» **TASK REQUIREMENTS**
Transcribe the records that follow, preserving every word.
━━━━━ INFORMATION PROVIDED ━━━━━
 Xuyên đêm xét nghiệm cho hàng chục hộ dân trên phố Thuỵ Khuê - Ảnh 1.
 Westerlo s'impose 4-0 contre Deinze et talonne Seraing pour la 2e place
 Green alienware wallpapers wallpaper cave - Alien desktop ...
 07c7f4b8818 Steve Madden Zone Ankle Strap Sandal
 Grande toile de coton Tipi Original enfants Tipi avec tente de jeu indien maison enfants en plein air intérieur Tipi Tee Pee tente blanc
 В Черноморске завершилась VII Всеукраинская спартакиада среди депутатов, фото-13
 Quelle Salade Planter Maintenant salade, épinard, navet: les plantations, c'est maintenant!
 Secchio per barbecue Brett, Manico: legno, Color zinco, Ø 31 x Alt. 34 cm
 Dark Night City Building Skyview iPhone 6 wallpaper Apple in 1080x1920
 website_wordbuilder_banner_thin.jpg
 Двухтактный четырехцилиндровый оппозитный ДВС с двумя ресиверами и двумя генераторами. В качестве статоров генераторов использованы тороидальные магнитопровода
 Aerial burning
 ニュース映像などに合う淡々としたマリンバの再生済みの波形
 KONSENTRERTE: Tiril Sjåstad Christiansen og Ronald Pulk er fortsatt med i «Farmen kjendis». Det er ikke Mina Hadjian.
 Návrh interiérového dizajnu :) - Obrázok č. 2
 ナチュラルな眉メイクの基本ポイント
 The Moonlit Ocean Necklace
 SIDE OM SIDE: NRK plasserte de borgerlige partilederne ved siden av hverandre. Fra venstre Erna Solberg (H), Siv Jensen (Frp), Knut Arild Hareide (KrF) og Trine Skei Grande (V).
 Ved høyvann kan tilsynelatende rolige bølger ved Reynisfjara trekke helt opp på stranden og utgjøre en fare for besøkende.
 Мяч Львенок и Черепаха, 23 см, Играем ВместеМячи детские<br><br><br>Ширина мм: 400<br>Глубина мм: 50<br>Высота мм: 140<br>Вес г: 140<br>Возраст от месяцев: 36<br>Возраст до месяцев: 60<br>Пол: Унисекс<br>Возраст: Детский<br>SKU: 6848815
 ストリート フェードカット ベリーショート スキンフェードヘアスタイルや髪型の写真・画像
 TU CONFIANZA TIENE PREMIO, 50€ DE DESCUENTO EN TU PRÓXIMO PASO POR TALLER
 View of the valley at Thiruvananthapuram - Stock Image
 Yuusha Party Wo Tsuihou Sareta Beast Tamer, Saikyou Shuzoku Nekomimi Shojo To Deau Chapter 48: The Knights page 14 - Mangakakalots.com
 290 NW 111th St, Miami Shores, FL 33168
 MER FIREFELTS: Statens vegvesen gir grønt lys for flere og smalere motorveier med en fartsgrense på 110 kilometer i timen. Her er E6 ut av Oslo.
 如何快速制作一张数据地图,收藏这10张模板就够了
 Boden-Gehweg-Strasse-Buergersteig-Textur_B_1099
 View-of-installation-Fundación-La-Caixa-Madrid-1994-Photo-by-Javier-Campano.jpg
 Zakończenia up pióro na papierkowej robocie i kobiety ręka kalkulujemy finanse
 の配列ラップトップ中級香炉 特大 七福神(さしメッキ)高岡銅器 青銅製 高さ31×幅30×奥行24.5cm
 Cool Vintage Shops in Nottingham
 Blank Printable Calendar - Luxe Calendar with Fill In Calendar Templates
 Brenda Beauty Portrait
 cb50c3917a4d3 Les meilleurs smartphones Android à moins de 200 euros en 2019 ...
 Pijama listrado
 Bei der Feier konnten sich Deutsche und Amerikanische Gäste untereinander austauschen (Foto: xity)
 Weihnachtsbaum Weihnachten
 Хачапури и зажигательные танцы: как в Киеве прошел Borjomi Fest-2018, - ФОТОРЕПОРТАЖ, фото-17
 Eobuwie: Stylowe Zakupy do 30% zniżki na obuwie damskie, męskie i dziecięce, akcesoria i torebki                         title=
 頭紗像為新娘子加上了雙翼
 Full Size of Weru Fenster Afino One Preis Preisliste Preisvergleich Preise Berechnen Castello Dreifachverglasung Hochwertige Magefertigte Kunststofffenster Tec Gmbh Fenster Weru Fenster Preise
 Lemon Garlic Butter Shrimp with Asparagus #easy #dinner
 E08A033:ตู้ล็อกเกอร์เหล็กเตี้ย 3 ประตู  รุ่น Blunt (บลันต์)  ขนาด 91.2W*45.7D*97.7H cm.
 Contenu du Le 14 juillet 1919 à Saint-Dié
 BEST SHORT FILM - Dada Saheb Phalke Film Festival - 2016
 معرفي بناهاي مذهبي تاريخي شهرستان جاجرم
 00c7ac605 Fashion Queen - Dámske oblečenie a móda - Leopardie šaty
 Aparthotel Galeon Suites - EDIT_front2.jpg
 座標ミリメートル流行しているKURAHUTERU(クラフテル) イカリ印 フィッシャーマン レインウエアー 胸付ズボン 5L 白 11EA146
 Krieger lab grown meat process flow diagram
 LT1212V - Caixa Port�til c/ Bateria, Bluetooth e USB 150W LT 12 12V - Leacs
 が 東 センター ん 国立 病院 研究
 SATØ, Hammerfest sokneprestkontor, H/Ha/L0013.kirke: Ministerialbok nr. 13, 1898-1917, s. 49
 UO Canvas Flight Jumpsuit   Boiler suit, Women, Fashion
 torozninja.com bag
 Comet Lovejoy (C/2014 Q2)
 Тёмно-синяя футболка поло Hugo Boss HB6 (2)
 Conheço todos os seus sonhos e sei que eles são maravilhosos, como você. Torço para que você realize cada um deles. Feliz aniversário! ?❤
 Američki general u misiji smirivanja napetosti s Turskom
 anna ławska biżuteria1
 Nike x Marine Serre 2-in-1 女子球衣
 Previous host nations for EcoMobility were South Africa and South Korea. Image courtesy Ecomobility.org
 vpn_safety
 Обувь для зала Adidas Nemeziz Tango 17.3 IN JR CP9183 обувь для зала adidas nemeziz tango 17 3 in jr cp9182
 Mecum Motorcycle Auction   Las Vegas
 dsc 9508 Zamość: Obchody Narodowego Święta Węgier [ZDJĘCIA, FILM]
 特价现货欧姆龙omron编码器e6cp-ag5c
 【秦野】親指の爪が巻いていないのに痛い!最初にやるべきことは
━━━━━
» **WRITTEN SOLUTION**
 Xuyên đêm xét nghiệm cho hàng chục hộ dân trên phố Thuỵ Khuê - Ảnh 1.
 Westerlo s'impose 4-0 contre Deinze et talonne Seraing pour la 2e place
 Green alienware wallpapers wallpaper cave - Alien desktop ...
 07c7f4b8818 Steve Madden Zone Ankle Strap Sandal
 Grande toile de coton Tipi Original enfants Tipi avec tente de jeu indien maison enfants en plein air intérieur Tipi Tee Pee tente blanc
 В Черноморске завершилась VII Всеукраинская спартакиада среди депутатов, фото-13
 Quelle Salade Planter Maintenant salade, épinard, navet: les plantations, c'est maintenant!
 Secchio per barbecue Brett, Manico: legno, Color zinco, Ø 31 x Alt. 34 cm
 Dark Night City Building Skyview iPhone 6 wallpaper Apple in 1080x1920
 website_wordbuilder_banner_thin.jpg
 Двухтактный четырехцилиндровый оппозитный ДВС с двумя ресиверами и двумя генераторами. В качестве статоров генераторов использованы тороидальные магнитопровода
 Aerial burning
 ニュース映像などに合う淡々としたマリンバの再生済みの波形
 KONSENTRERTE: Tiril Sjåstad Christiansen og Ronald Pulk er fortsatt med i «Farmen kjendis». Det er ikke Mina Hadjian.
 Návrh interiérového dizajnu :) - Obrázok č. 2
 ナチュラルな眉メイクの基本ポイント
 The Moonlit Ocean Necklace
 SIDE OM SIDE: NRK plasserte de borgerlige partilederne ved siden av hverandre. Fra venstre Erna Solberg (H), Siv Jensen (Frp), Knut Arild Hareide (KrF) og Trine Skei Grande (V).
 Ved høyvann kan tilsynelatende rolige bølger ved Reynisfjara trekke helt opp på stranden og utgjøre en fare for besøkende.
 Мяч Львенок и Черепаха, 23 см, Играем ВместеМячи детские<br><br><br>Ширина мм: 400<br>Глубина мм: 50<br>Высота мм: 140<br>Вес г: 140<br>Возраст от месяцев: 36<br>Возраст до месяцев: 60<br>Пол: Унисекс<br>Возраст: Детский<br>SKU: 6848815
 ストリート フェードカット ベリーショート スキンフェードヘアスタイルや髪型の写真・画像
 TU CONFIANZA TIENE PREMIO, 50€ DE DESCUENTO EN TU PRÓXIMO PASO POR TALLER
 View of the valley at Thiruvananthapuram - Stock Image
 Yuusha Party Wo Tsuihou Sareta Beast Tamer, Saikyou Shuzoku Nekomimi Shojo To Deau Chapter 48: The Knights page 14 - Mangakakalots.com
 290 NW 111th St, Miami Shores, FL 33168
 MER FIREFELTS: Statens vegvesen gir grønt lys for flere og smalere motorveier med en fartsgrense på 110 kilometer i timen. Her er E6 ut av Oslo.
 如何快速制作一张数据地图,收藏这10张模板就够了
 Boden-Gehweg-Strasse-Buergersteig-Textur_B_1099
 View-of-installation-Fundación-La-Caixa-Madrid-1994-Photo-by-Javier-Campano.jpg
 Zakończenia up pióro na papierkowej robocie i kobiety ręka kalkulujemy finanse
 の配列ラップトップ中級香炉 特大 七福神(さしメッキ)高岡銅器 青銅製 高さ31×幅30×奥行24.5cm
 Cool Vintage Shops in Nottingham
 Blank Printable Calendar - Luxe Calendar with Fill In Calendar Templates
 Brenda Beauty Portrait
 cb50c3917a4d3 Les meilleurs smartphones Android à moins de 200 euros en 2019 ...
 Pijama listrado
 Bei der Feier konnten sich Deutsche und Amerikanische Gäste untereinander austauschen (Foto: xity)
 Weihnachtsbaum Weihnachten
 Хачапури и зажигательные танцы: как в Киеве прошел Borjomi Fest-2018, - ФОТОРЕПОРТАЖ, фото-17
 Eobuwie: Stylowe Zakupy do 30% zniżki na obuwie damskie, męskie i dziecięce, akcesoria i torebki                         title=
 頭紗像為新娘子加上了雙翼
 Full Size of Weru Fenster Afino One Preis Preisliste Preisvergleich Preise Berechnen Castello Dreifachverglasung Hochwertige Magefertigte Kunststofffenster Tec Gmbh Fenster Weru Fenster Preise
 Lemon Garlic Butter Shrimp with Asparagus #easy #dinner
 E08A033:ตู้ล็อกเกอร์เหล็กเตี้ย 3 ประตู  รุ่น Blunt (บลันต์)  ขนาด 91.2W*45.7D*97.7H cm.
 Contenu du Le 14 juillet 1919 à Saint-Dié
 BEST SHORT FILM - Dada Saheb Phalke Film Festival - 2016
 معرفي بناهاي مذهبي تاريخي شهرستان جاجرم
 00c7ac605 Fashion Queen - Dámske oblečenie a móda - Leopardie šaty
 Aparthotel Galeon Suites - EDIT_front2.jpg
 座標ミリメートル流行しているKURAHUTERU(クラフテル) イカリ印 フィッシャーマン レインウエアー 胸付ズボン 5L 白 11EA146
 Krieger lab grown meat process flow diagram
 LT1212V - Caixa Port�til c/ Bateria, Bluetooth e USB 150W LT 12 12V - Leacs
 が 東 センター ん 国立 病院 研究
 SATØ, Hammerfest sokneprestkontor, H/Ha/L0013.kirke: Ministerialbok nr. 13, 1898-1917, s. 49
 UO Canvas Flight Jumpsuit   Boiler suit, Women, Fashion
 torozninja.com bag
 Comet Lovejoy (C/2014 Q2)
 Тёмно-синяя футболка поло Hugo Boss HB6 (2)
 Conheço todos os seus sonhos e sei que eles são maravilhosos, como você. Torço para que você realize cada um deles. Feliz aniversário! ?❤
 Američki general u misiji smirivanja napetosti s Turskom
 anna ławska biżuteria1
 Nike x Marine Serre 2-in-1 女子球衣
 Previous host nations for EcoMobility were South Africa and South Korea. Image courtesy Ecomobility.org
 vpn_safety
 Обувь для зала Adidas Nemeziz Tango 17.3 IN JR CP9183 обувь для зала adidas nemeziz tango 17 3 in jr cp9182
 Mecum Motorcycle Auction   Las Vegas
 dsc 9508 Zamość: Obchody Narodowego Święta Węgier [ZDJĘCIA, FILM]
 特价现货欧姆龙omron编码器e6cp-ag5c
 【秦野】親指の爪が巻いていないのに痛い!最初にやるべきことは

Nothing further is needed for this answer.